Abstract
The separation, detection, and quantification of cells and DNA in biological samples is crucial to the fields of biomedical science, forensic science, and clinical diagnostics. Applications of such analyses are numerous and include, but are not limited to, health prognosis, human identification, and cancer diagnostics. The use of microfluidic devices for such separations offers many advantages such as low sample and reagent volume, fast analysis time, potential for integration, low-cost materials, and point-of-collection capabilities.

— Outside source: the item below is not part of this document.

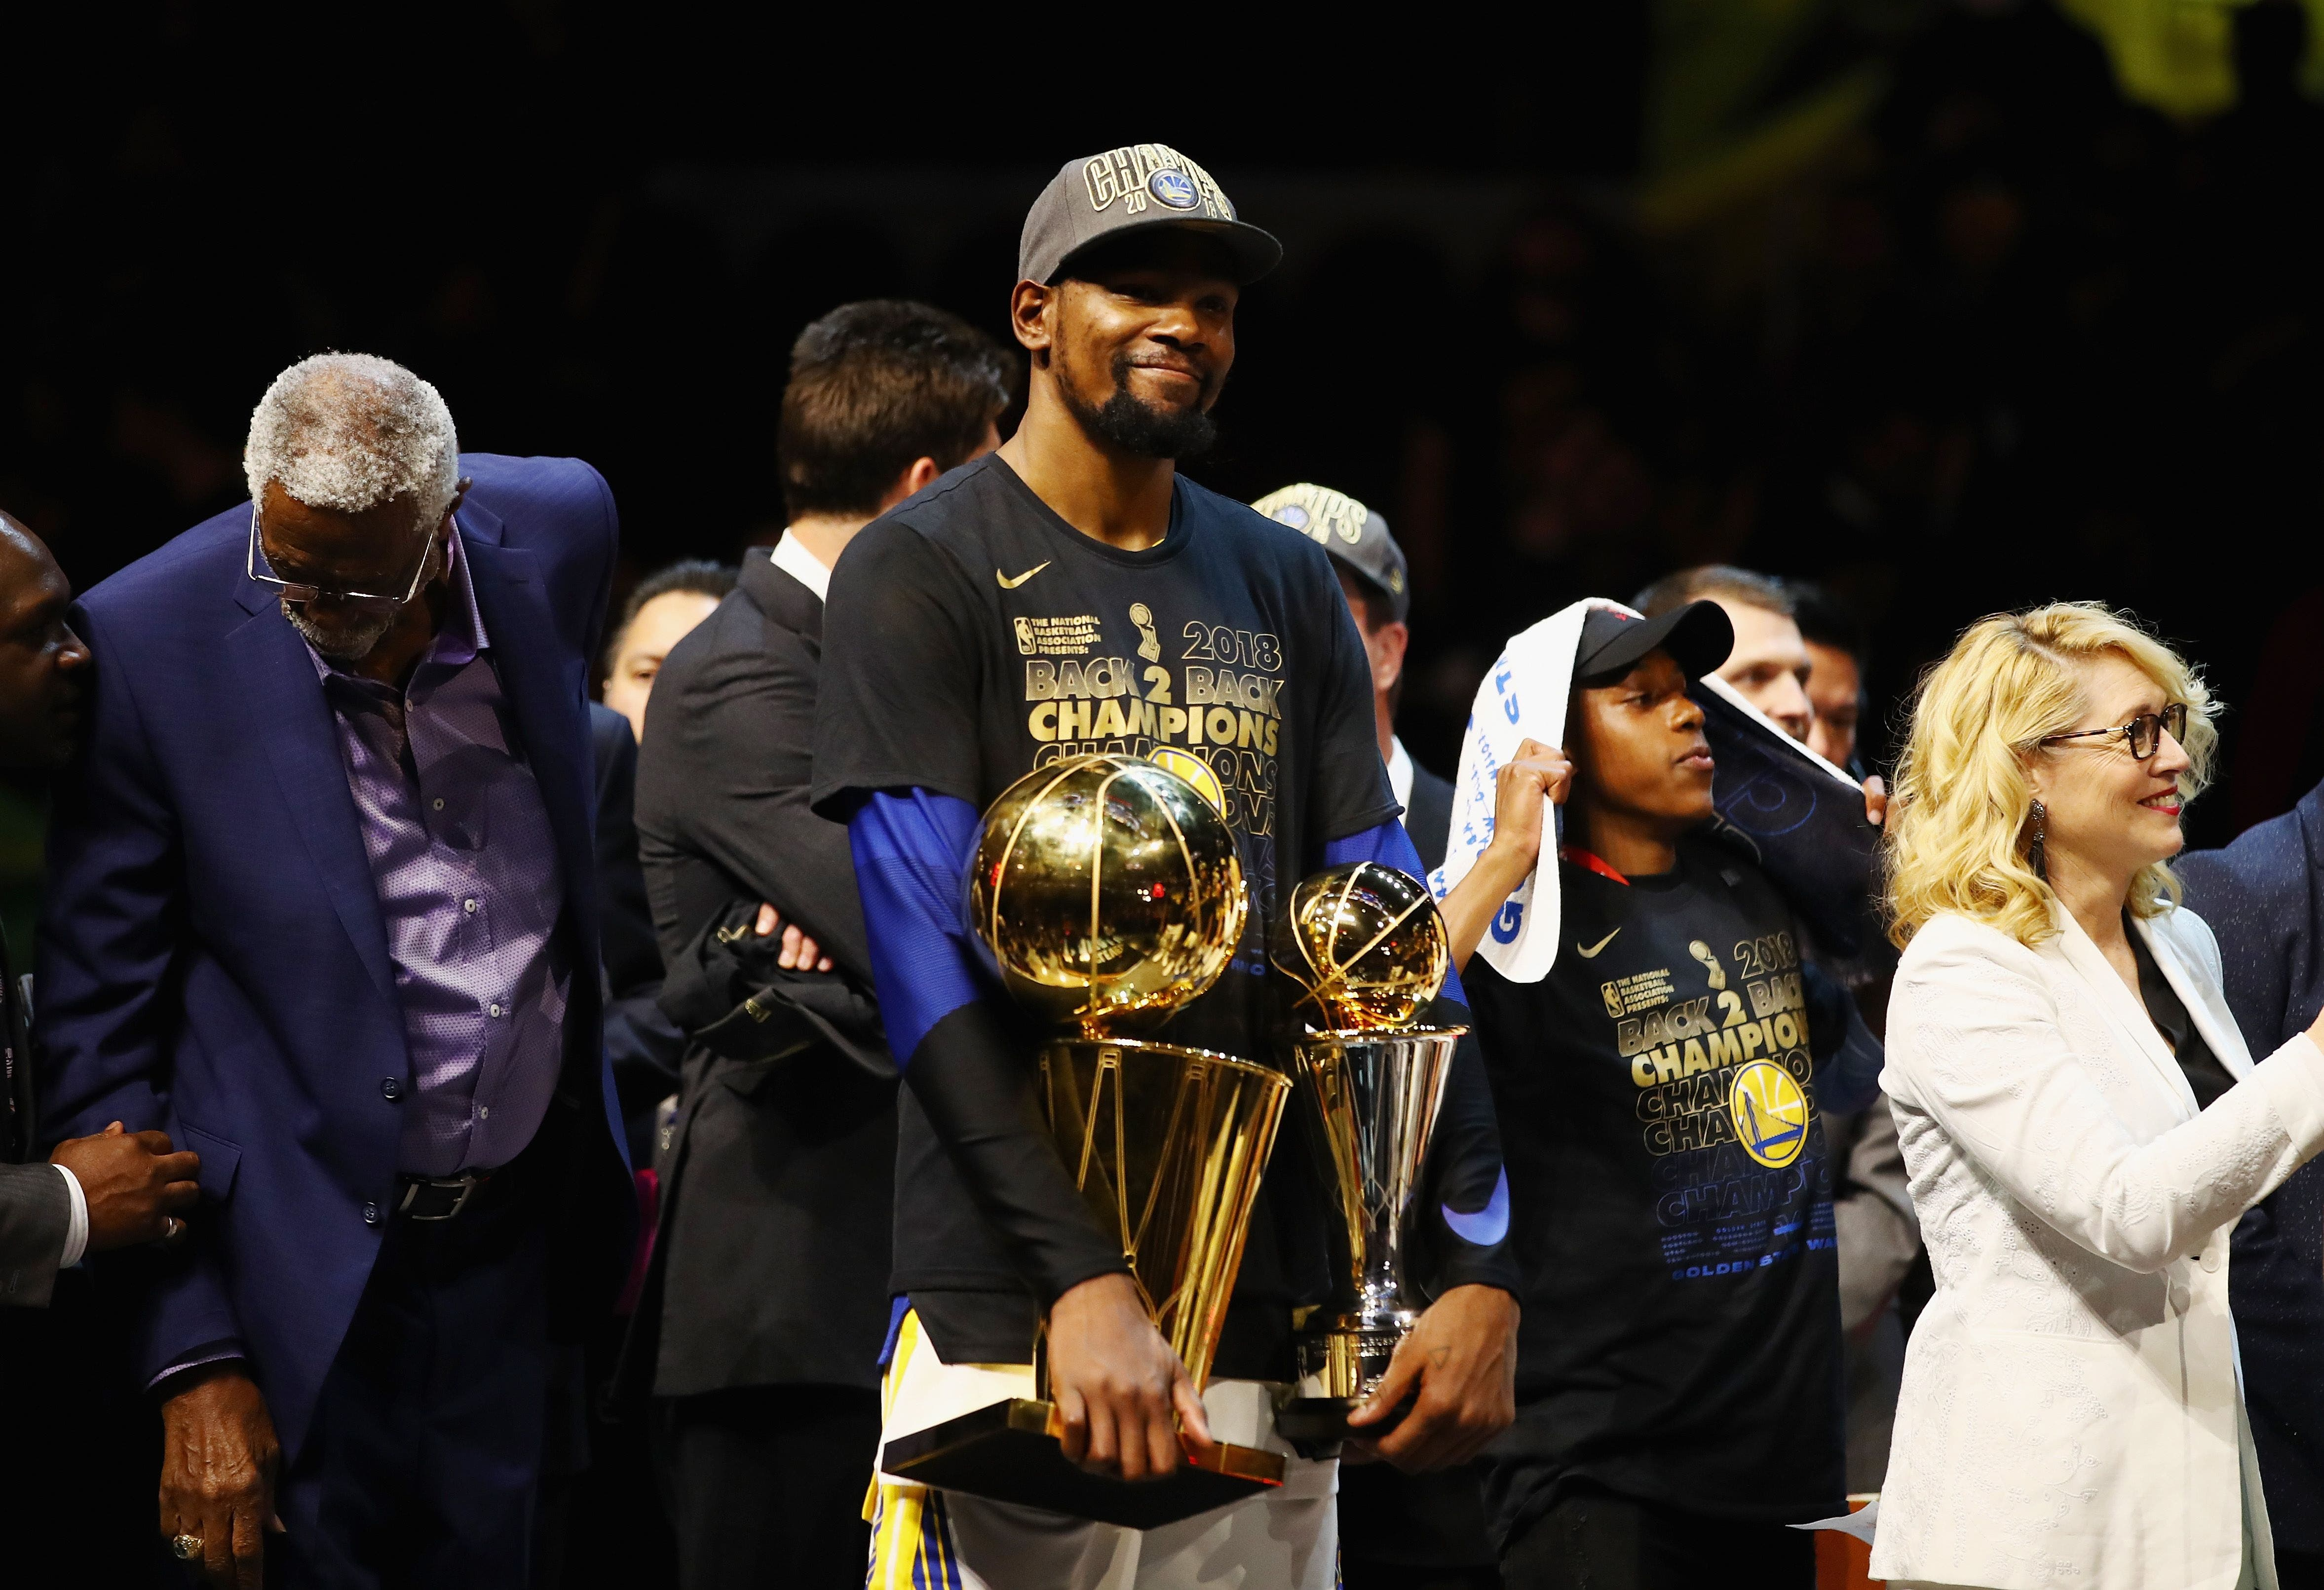 Kevin Durant # 35 de los Golden State Warriors celebra con el Trofeo Larry O'Brien y el trofeo MVP después de derrotar a los Cavaliers de Cleveland durante el cuarto partido de las Finales de la NBA 2018 en Quicken Loans Arena el 8 de junio de 2018 Cleveland Ohio. AFP.

The chapters that follow describe the development and use of three different modes of separation on the microfluidic scale for DNA quantification, cell counting, human identification, and tumor cell isolation. Chapter 1 provides the necessary background on the three modes of separation, electrophoresis, magnetophoresis, and acoustophoresis, as well as provides many examples of the use of each separation mode in clinical and forensic applications. The work in Chapter 2 describes the development of a dual-force system for multiplexing a bead-based DNA assay that can quantify DNA at the sub-single cell level. This method is also shown to be useful for the counting of white blood cells in patient whole blood samples based on the amount of DNA present in the assay. A further adaptation of the multiplexed bead-based assay is presented in Chapter 3. Here, the system is optimized for separating DNA from cellular components in dried blood and cheek swab samples. In addition to purifying DNA, this method eliminates the need for quantification of DNA prior to amplification, a time-consuming and expensive step in the process of human identification. In Chapter 4, inexpensive, rotationally-driven microfluidic devices are developed for the electrophoretic separation of DNA fragments used in human identification. Furthermore, a multicolor detection system for those fragments was built and optimized. Finally, in Chapter 5, a microfluidic device was designed and optimized for the separation and isolation of circulating tumor cells from whole blood samples.